Ancient Indian terracotta sculpture from the Mauryan through the Sunga and Kushan periods was produced in a number of centres in north India, such as Taxila, Sugh in Haryana, Mathura, Kaushambi, near Allahabad, Ahichchhatra, near Bareilly, Rajghat in Benares and Chandraketugarh in Bengal to mention a few. Many observers have commented on the utilitarian function of the art form, being small and portable, and cheap to produce.
The most important subject is the representation of the goddess in her various forms revered in South and West Asiatic culture, who carries symbols of fertility mostly involving the lotus.
They are greatly varied in technique and quality, and a basic distinction must be made between work that is hand modelled, usually in the round, and that which is pressed from a mould. In some examples both techniques go together.

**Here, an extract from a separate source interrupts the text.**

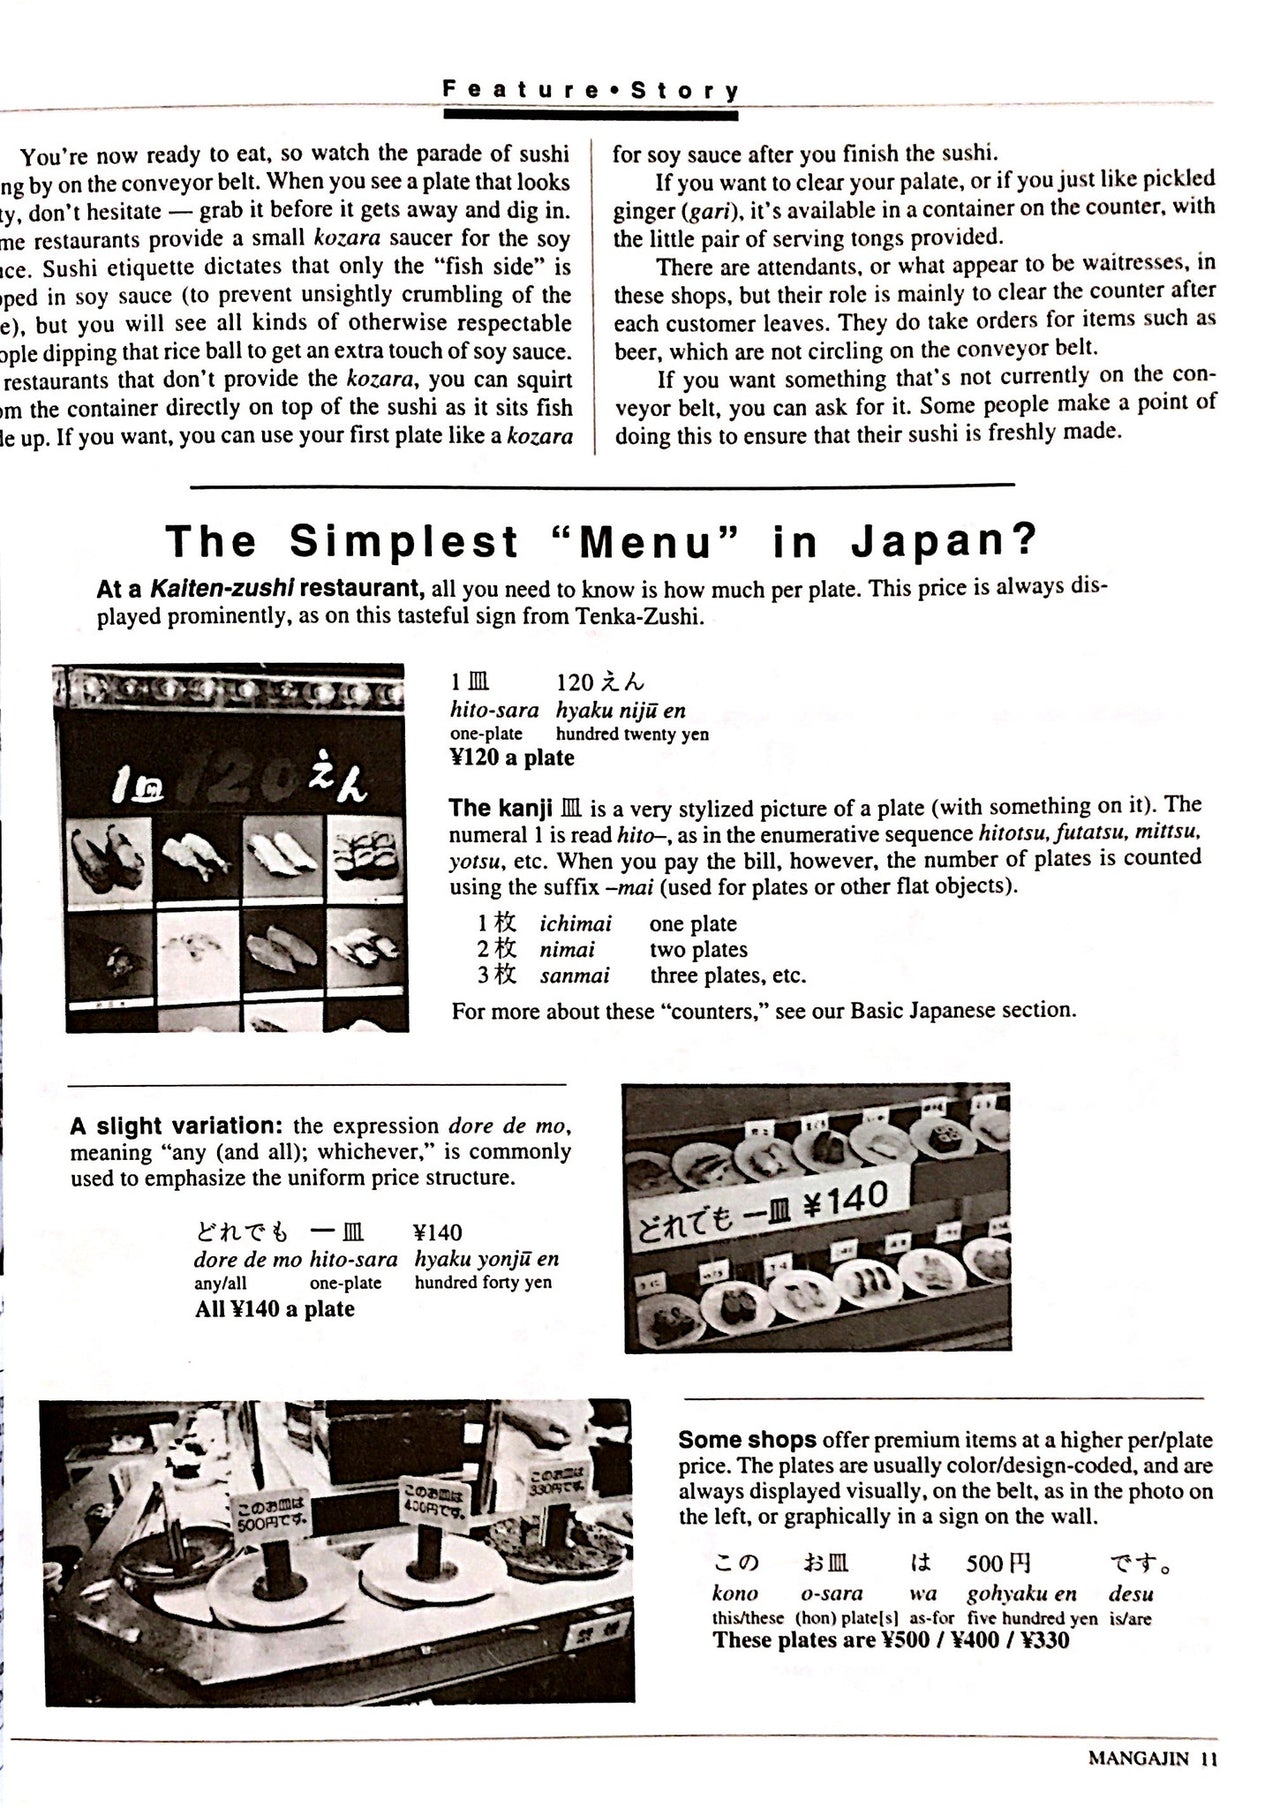 Mangajin 46 - The Japan Shop

This is the case with the first four sculptures from Buxar, dating from the Mauryan period. They are distinquished by their bold individual treatment with applied massive coiffure consisting of two bunches of hair either as cross-bands or one on top the other, overlaid by an angled or transverse fillet. The ear-rings and necklace and breasts are in turn equally over-sized. However, the distinctive facial features are par for this school, notably the prominent nose, while the rest of the face appears eroded as if covered by a wet cloth or a clinging veil. The heavy modelling is inherently unstable with narrow waist and neck, which is why the head or bust have become separated from their bodies, the other reason being the fragile nature of the medium. All of the Buxar terracotta sculptures in this catalogue probably incorporated stool with their normal legs, Cf. Shere’s catalogue (1961) Terracotta Figurines in Patna Museum, plates nos. 1and 2, which preserves most of their original form, and allows them to stand independently. However, none of the Buxar examples survives intact. In the late 1980s a great number of terracotta plaques, mostly fragmentary, came on the international art market. They are notable for their fine quality and wide range of design and correspondence in style to those discovered during excavations by the Archaeological Survey of India in the 24 Parganas district of Bengal, especially Chandraketugarh, and by numerous surface finds in the district. Many are displayed in the Ashutosh Museum, Kolkata, and many are in the possession of the State Archaeological Department of Bengal. Produced from moulds, they have a crisp biscuit-like quality. The finest example in the medium is the famous yakshi in the Ashmolean Museum, Oxford, that was found in neighbouring Tamluk, ancient Tamralipti. Other high-quality fragments are displayed in the small museum there. Most of the terracotta sculptures shown in this catalogue are produced in relief from flat moulds, and vary in fineness.
The market for terracotta plaques was sadly undermined by the appearance of fake examples that began to come on the market from the early 1990’s. They typically consist of large brick-like tiles, which contain improbable scenes. The fake plaques are densely populated with single or group scenes that have no function, but to avoid interaction. Many give the impression of having been carved with a bladed instrument. This technique is employed by the fake makers in the production of small vessels which have an overall design and a thin wall. A genuine example from Chandraketugarh only has a thick collar of design around the shoulder, with a repeating vegetal and figural design.